(PROBLEM) Make an exact copy of the listing so that no picture is carried over.

(SUPPLIED MATERIAL)
• • • • •

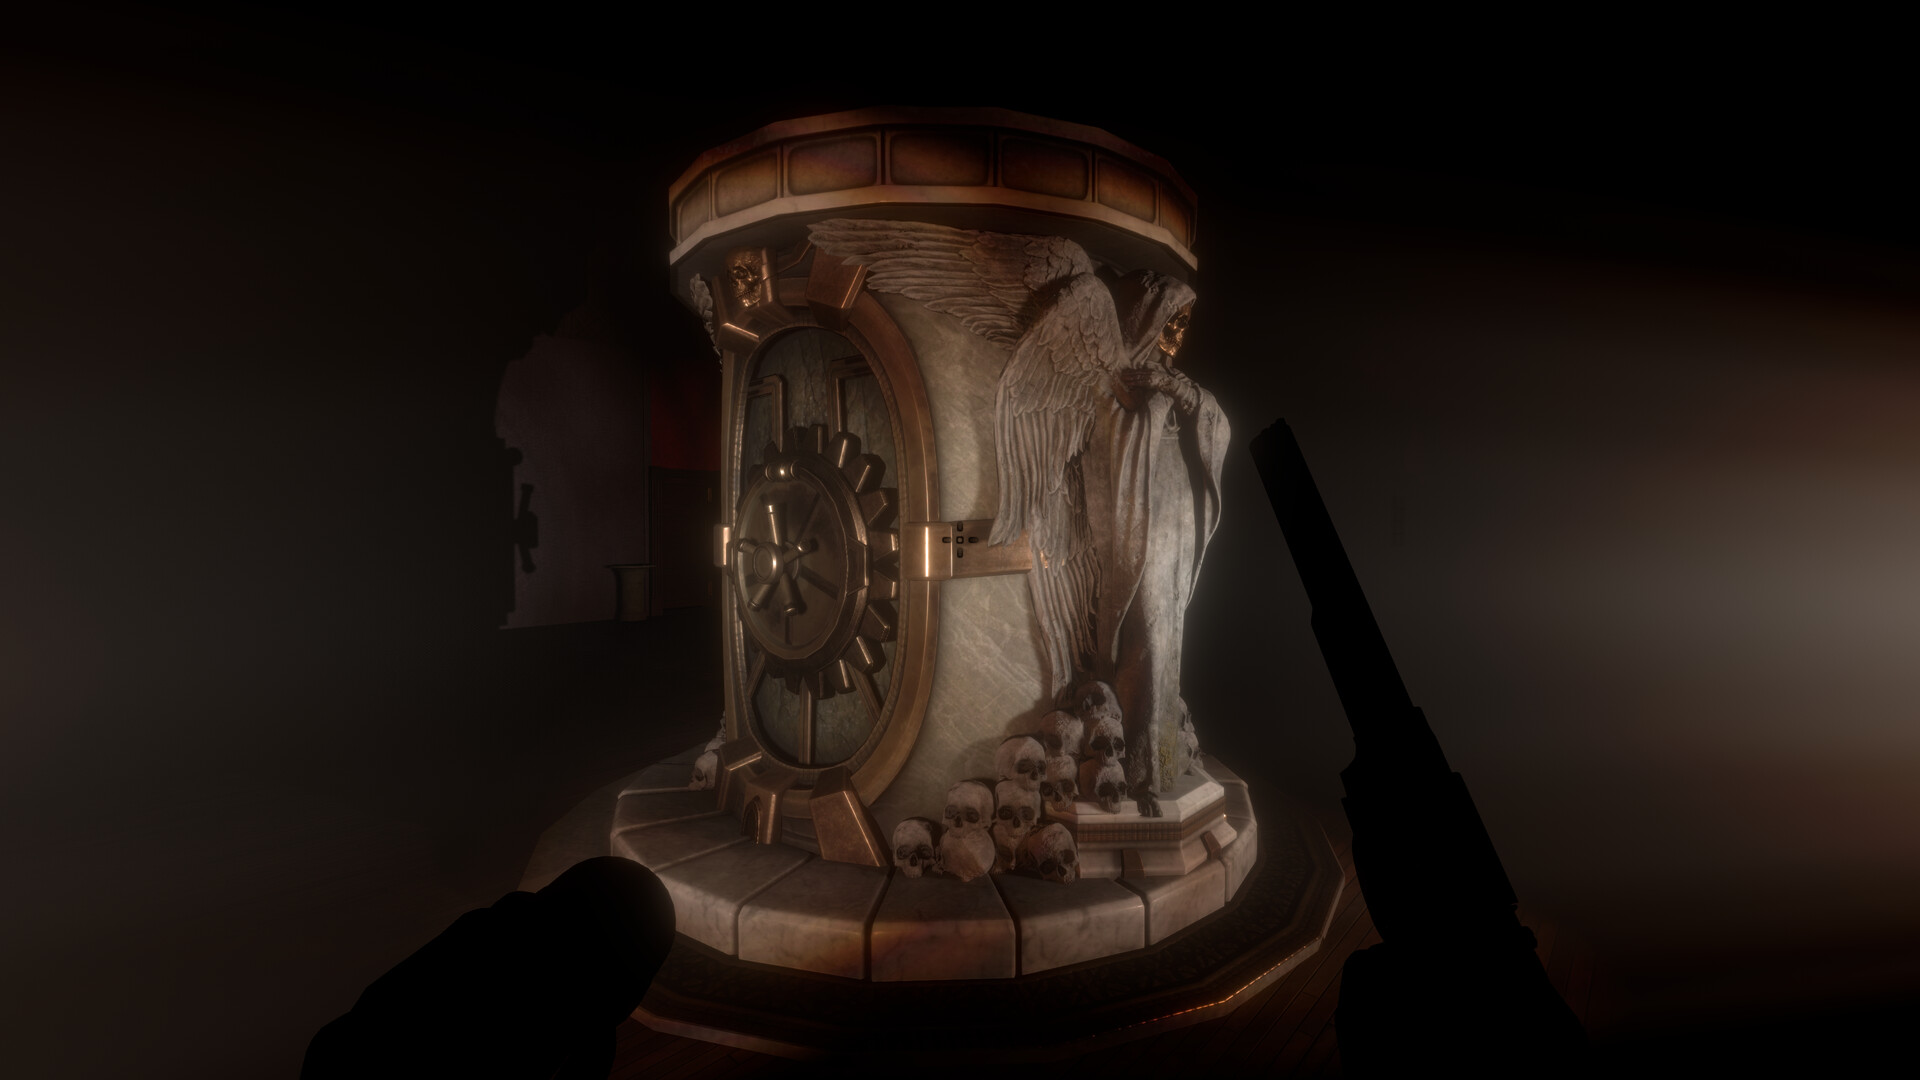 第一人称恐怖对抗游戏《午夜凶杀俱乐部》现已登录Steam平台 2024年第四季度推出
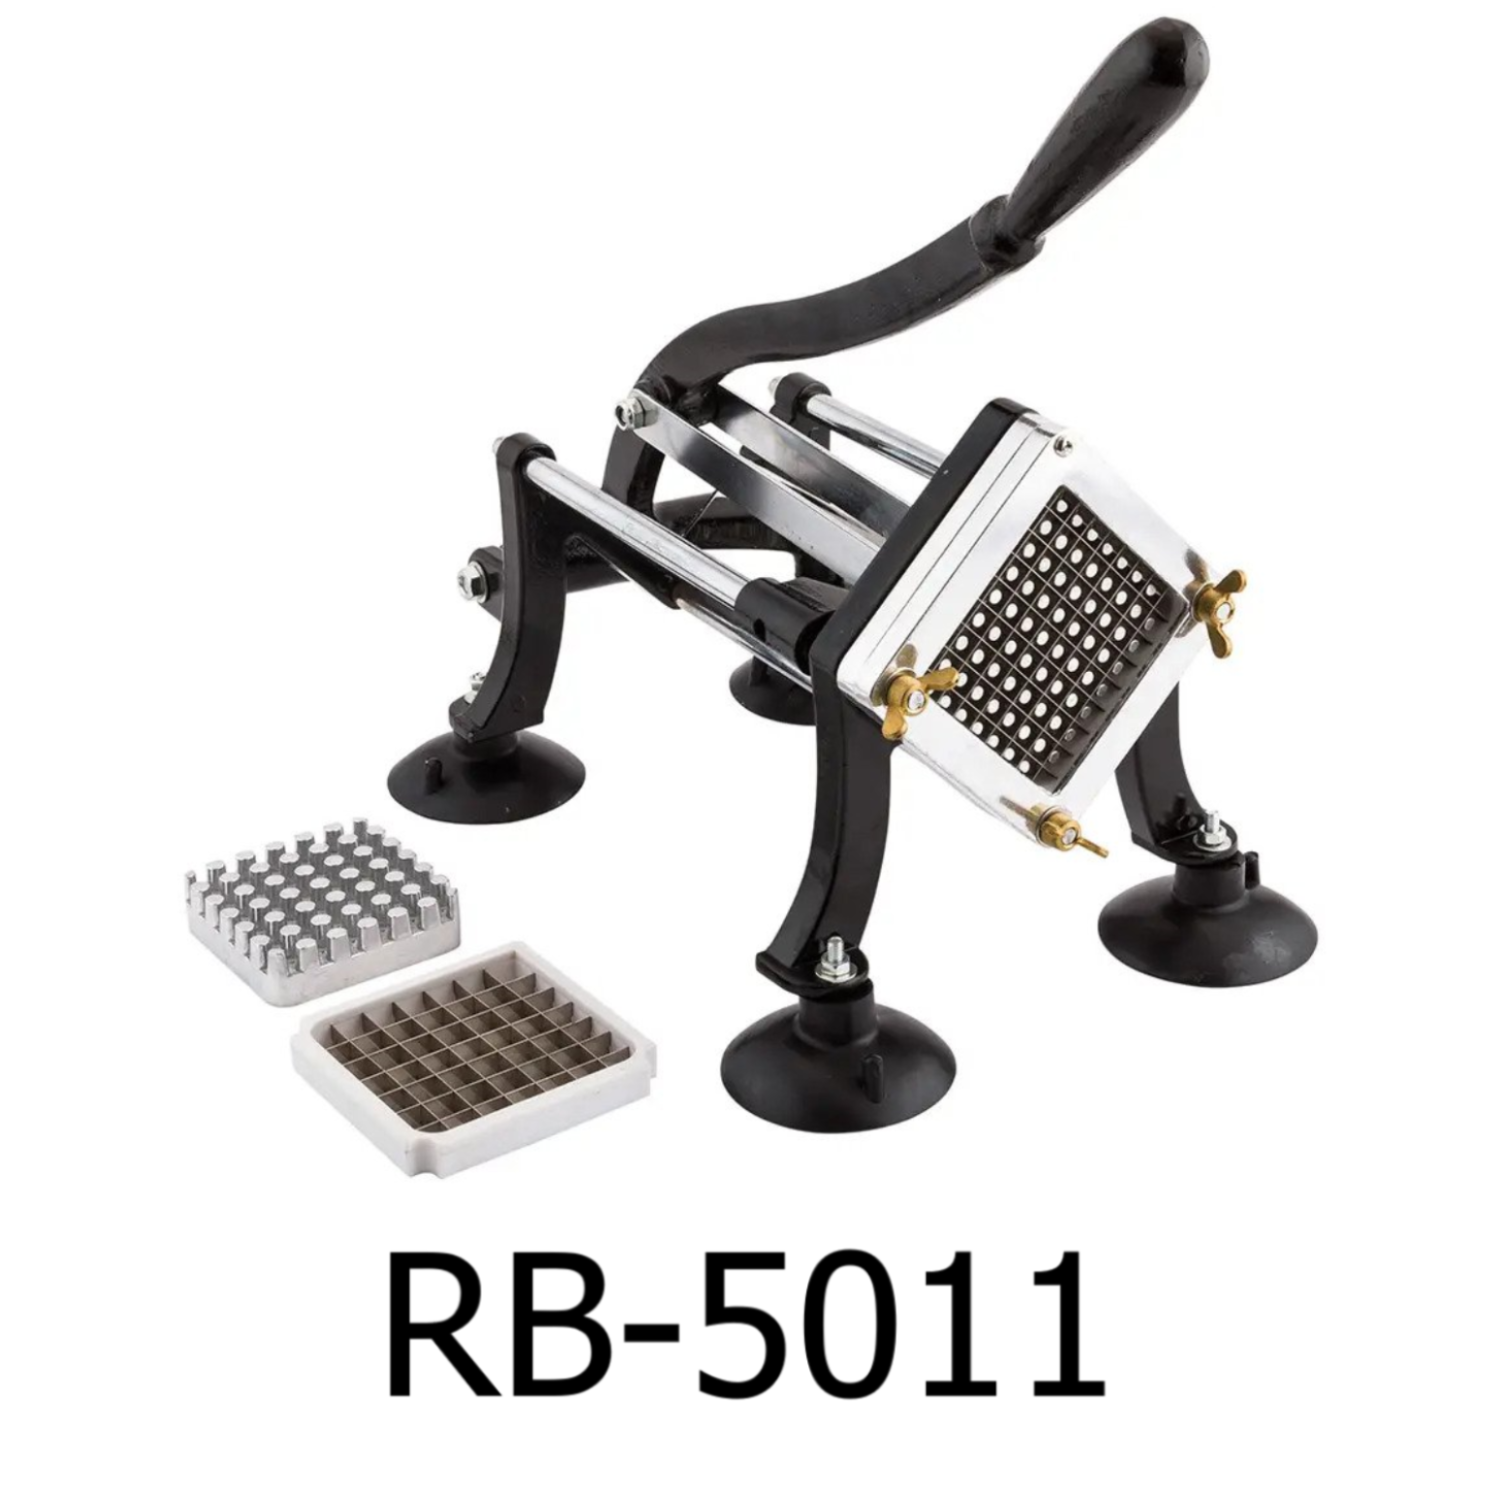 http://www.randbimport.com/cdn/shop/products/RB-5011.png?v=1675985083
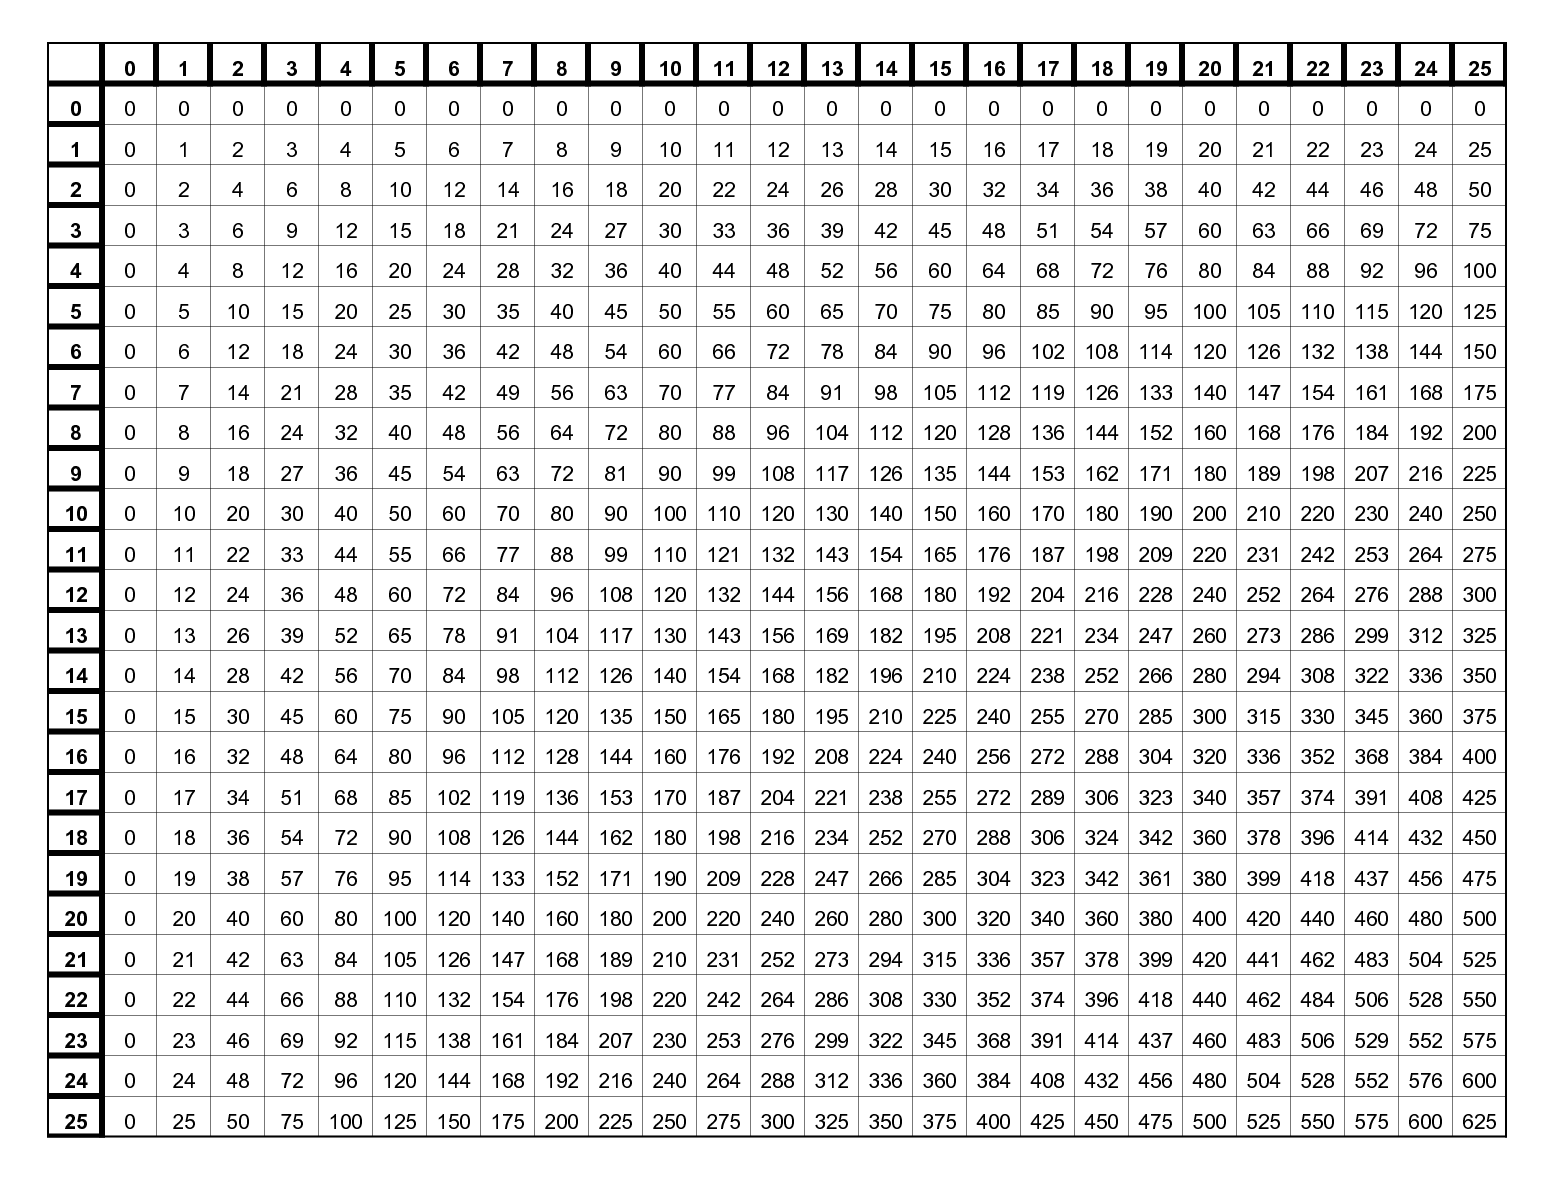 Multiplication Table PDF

• • • • •

(RESULT OF THIS EXERCISE)
 第一人称恐怖对抗游戏《午夜凶杀俱乐部》现已登录Steam平台 2024年第四季度推出
 http://www.randbimport.com/cdn/shop/products/RB-5011.png?v=1675985083
 Multiplication Table PDF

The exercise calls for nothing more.